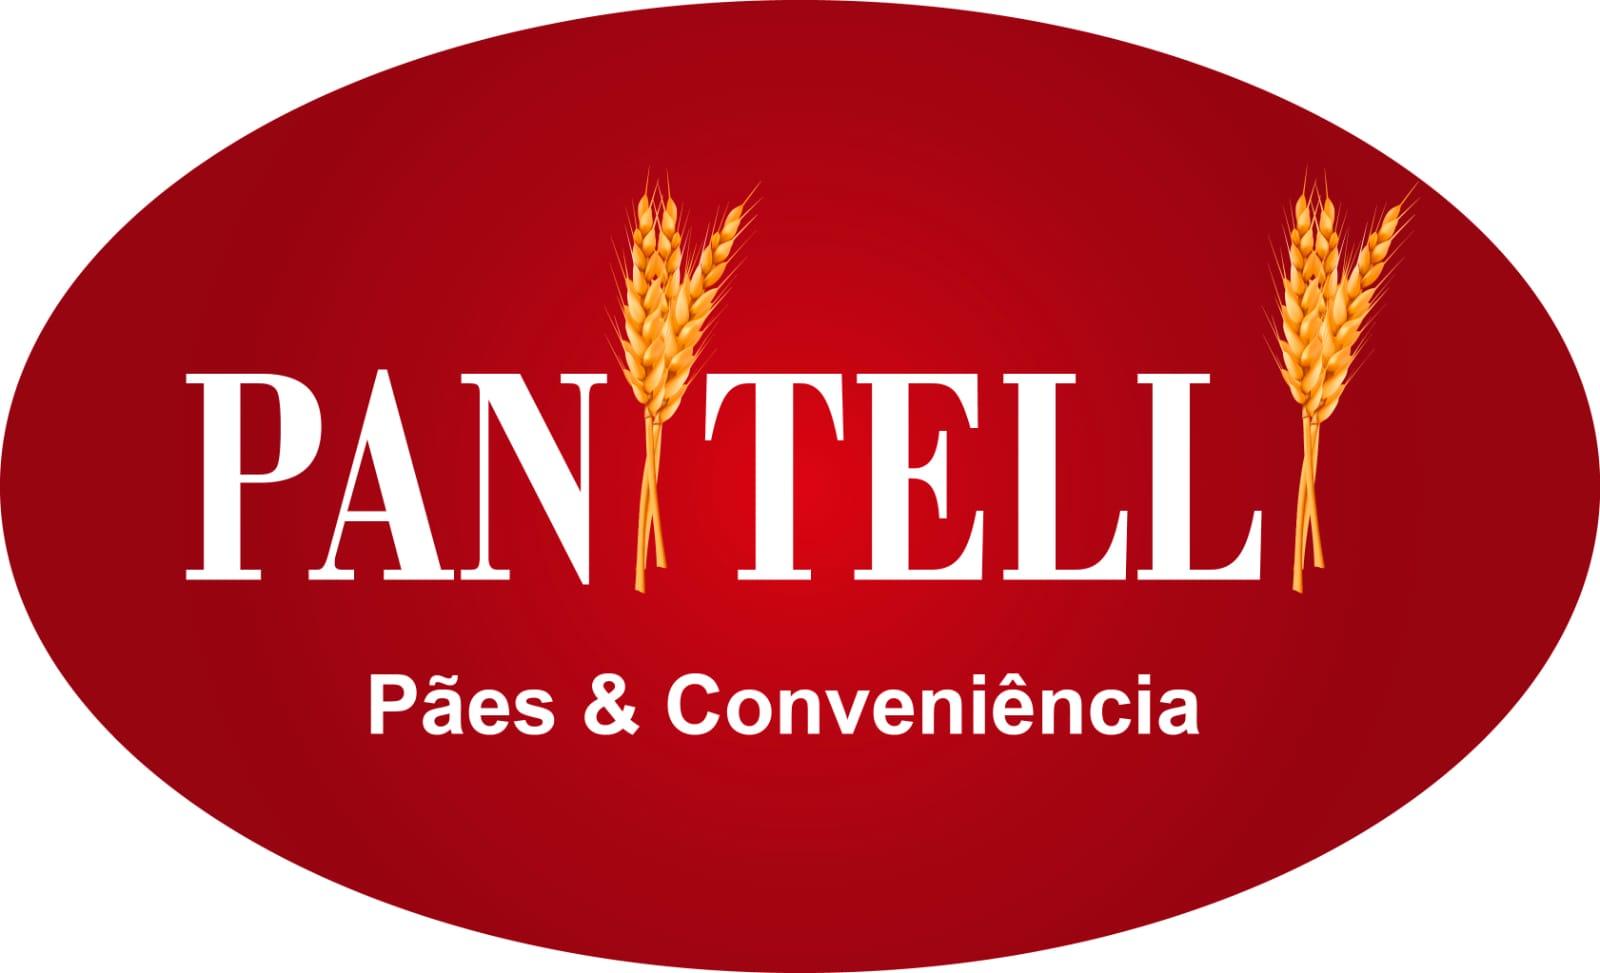 Pantell_padaria
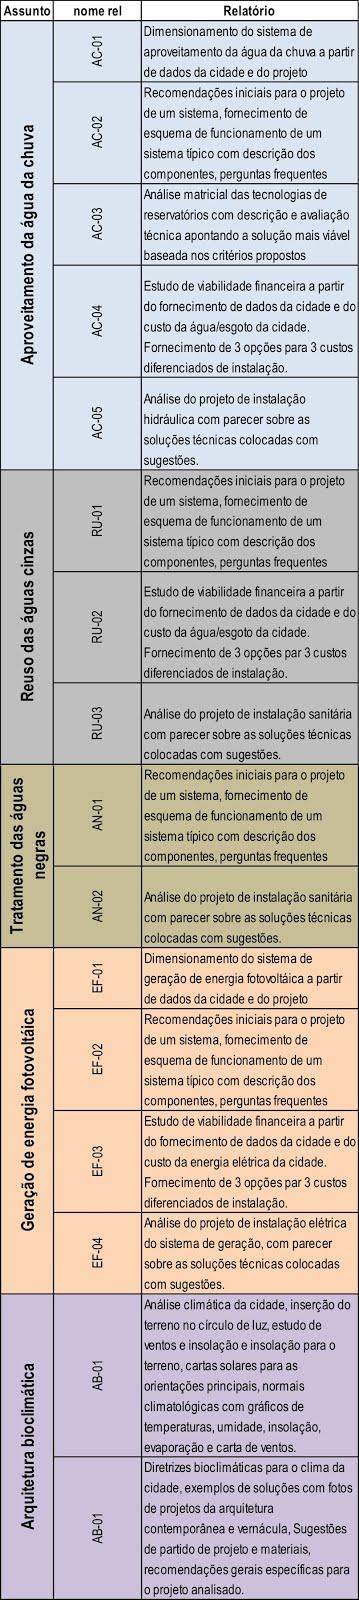 TABELA DE RELATÓRIOS DE CONSULTORIA
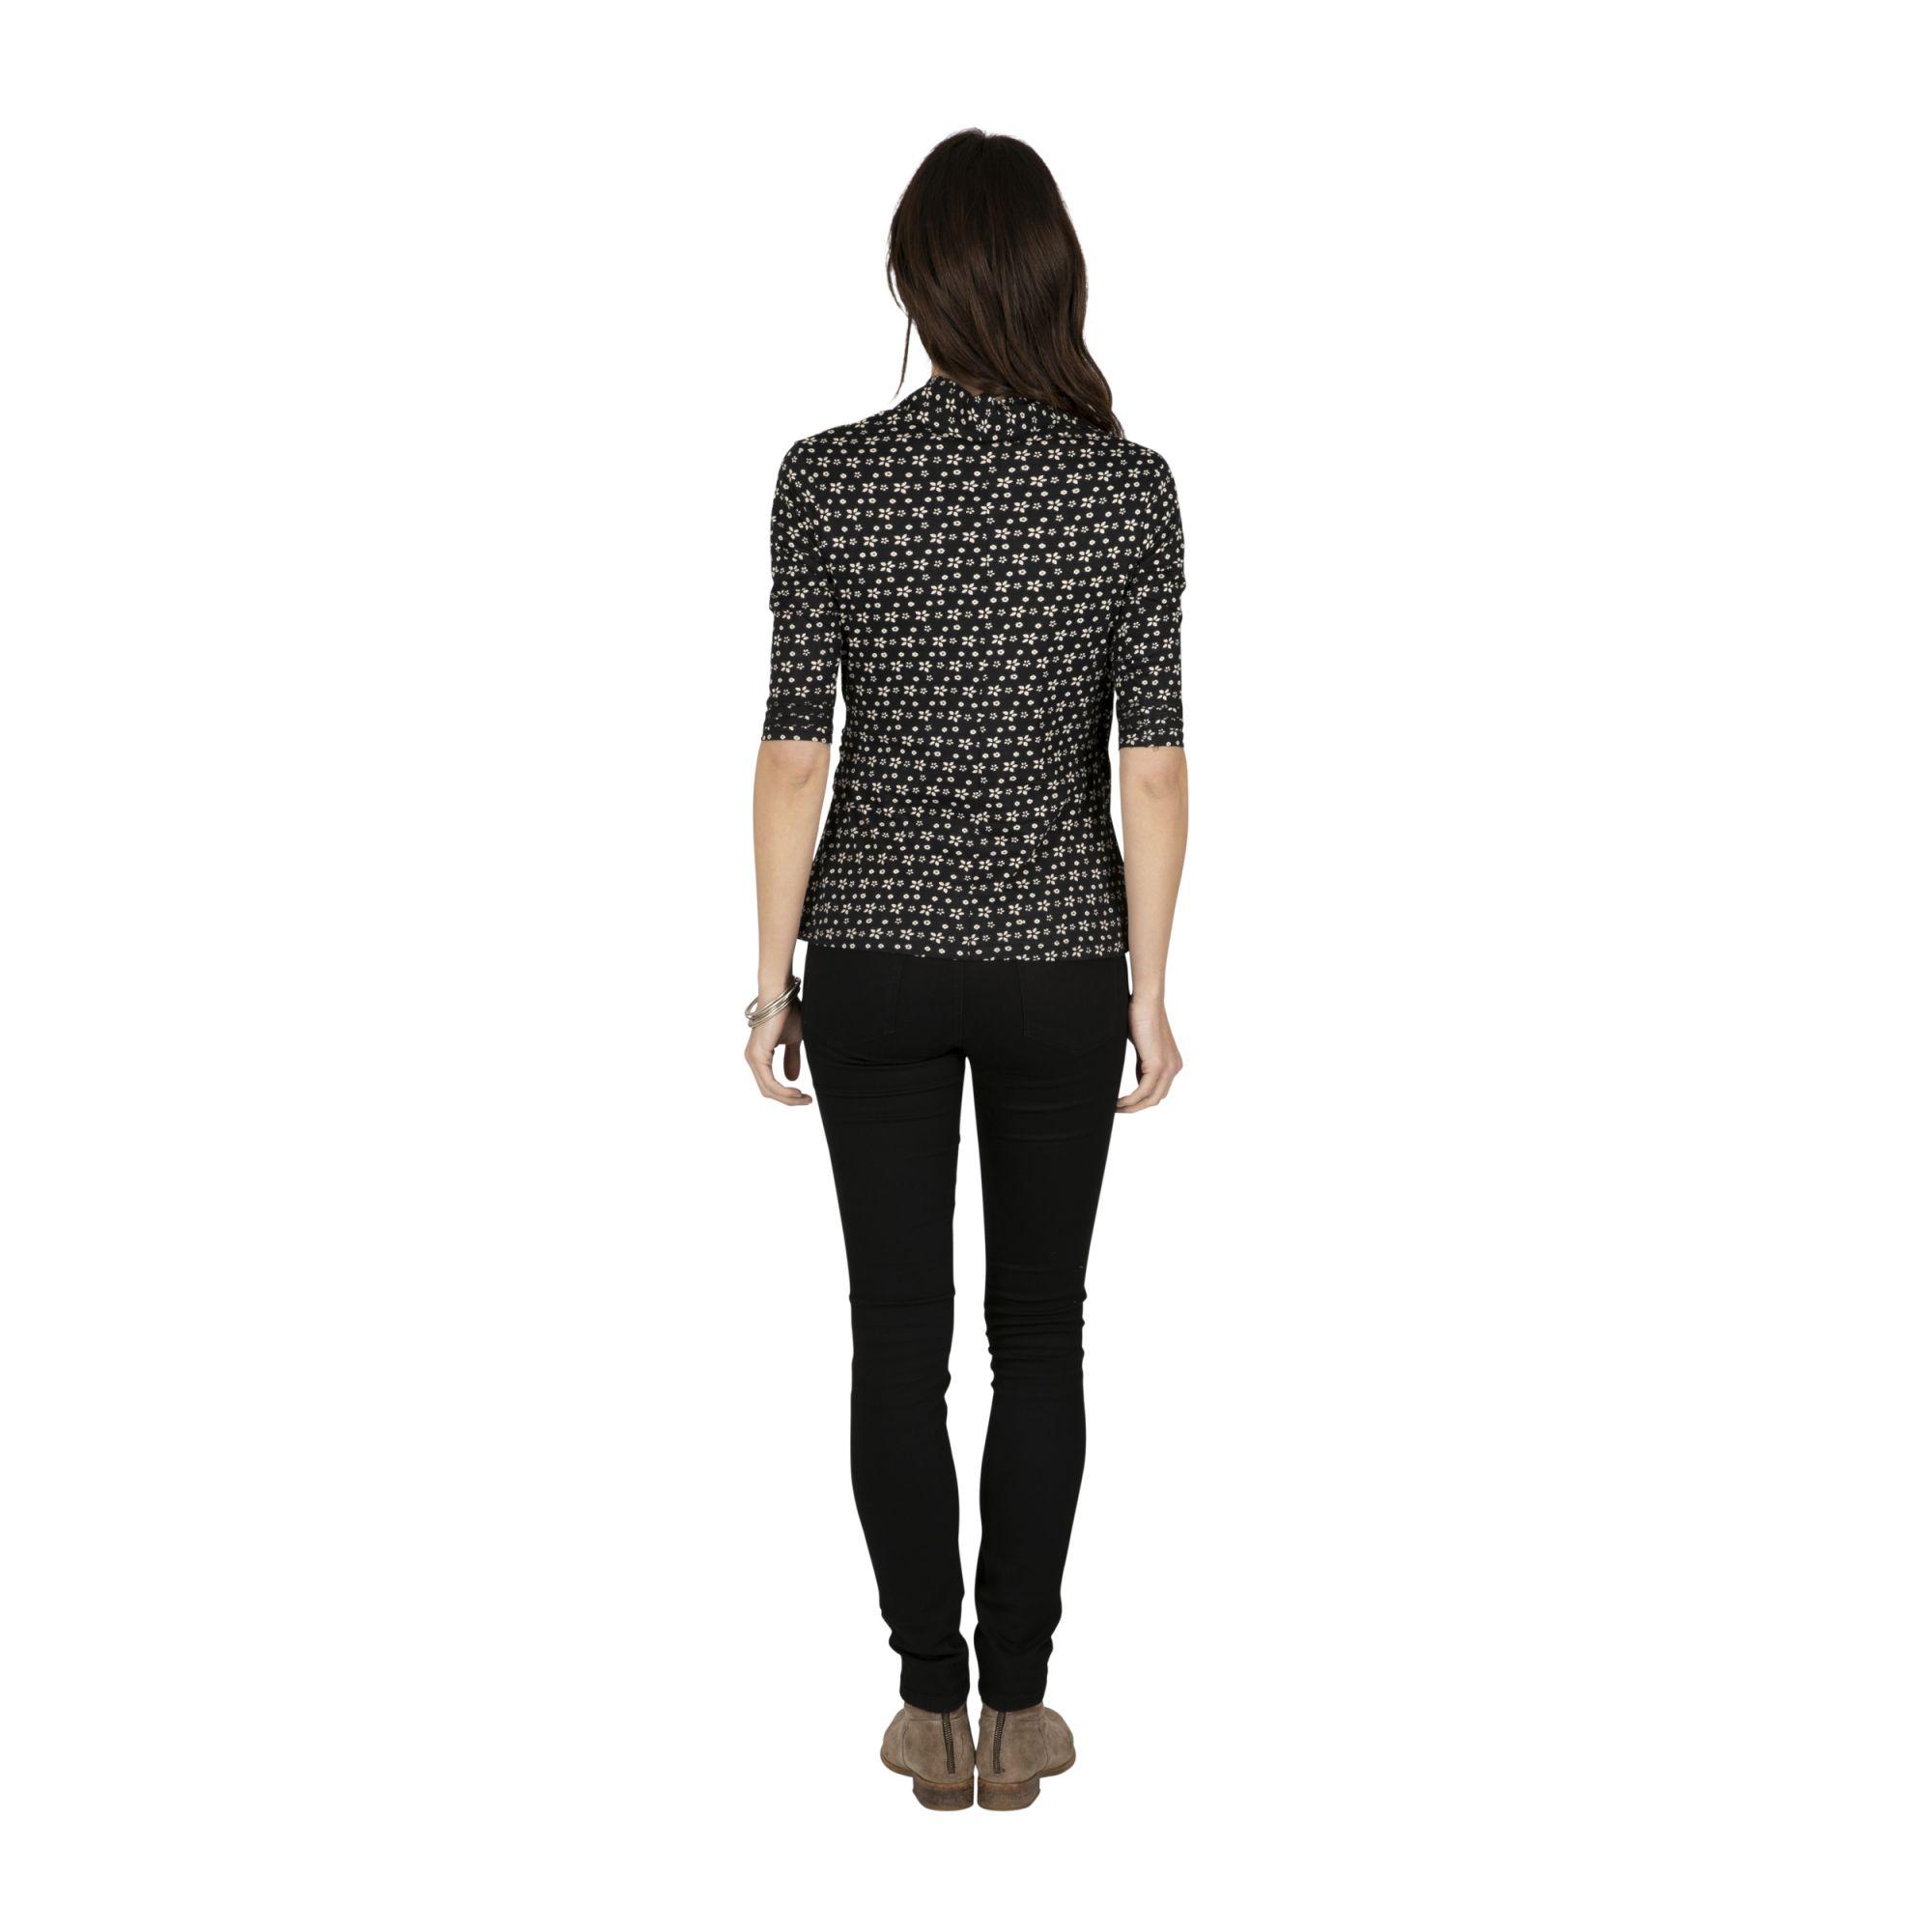 Tee-shirt original femme col V noir et fleuri Masaka
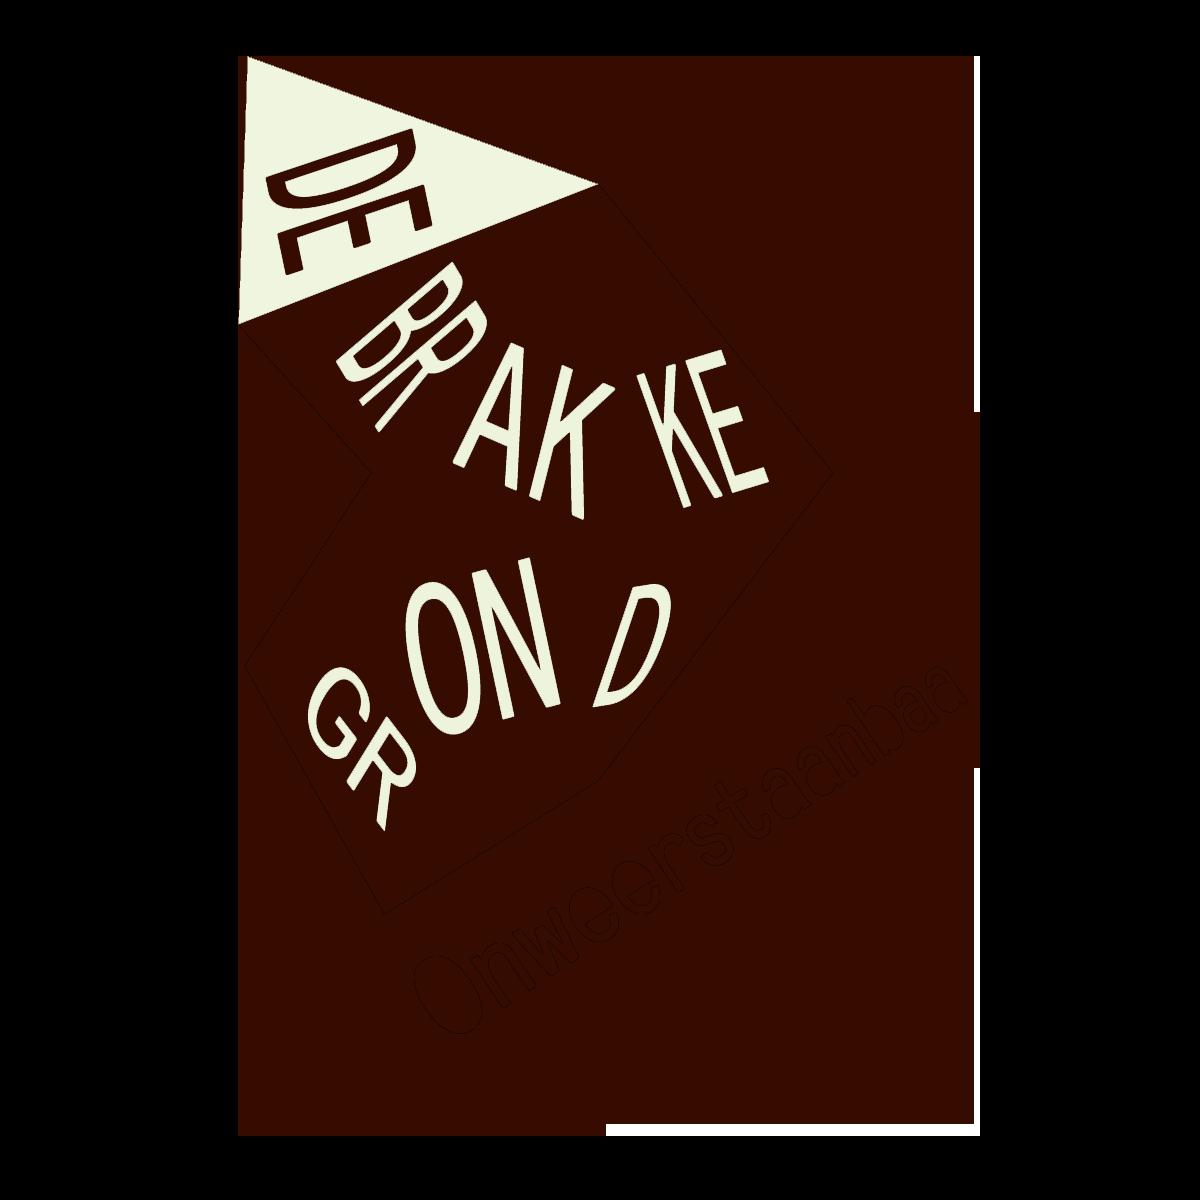 Logo_de_brakke_grond-bruin

* [TASK ITEM] Set down the material above as is, without any pictures.

* [ANSWER SPACE]
 Pantell_padaria
 TABELA DE RELATÓRIOS DE CONSULTORIA
 Tee-shirt original femme col V noir et fleuri Masaka
 Logo_de_brakke_grond-bruin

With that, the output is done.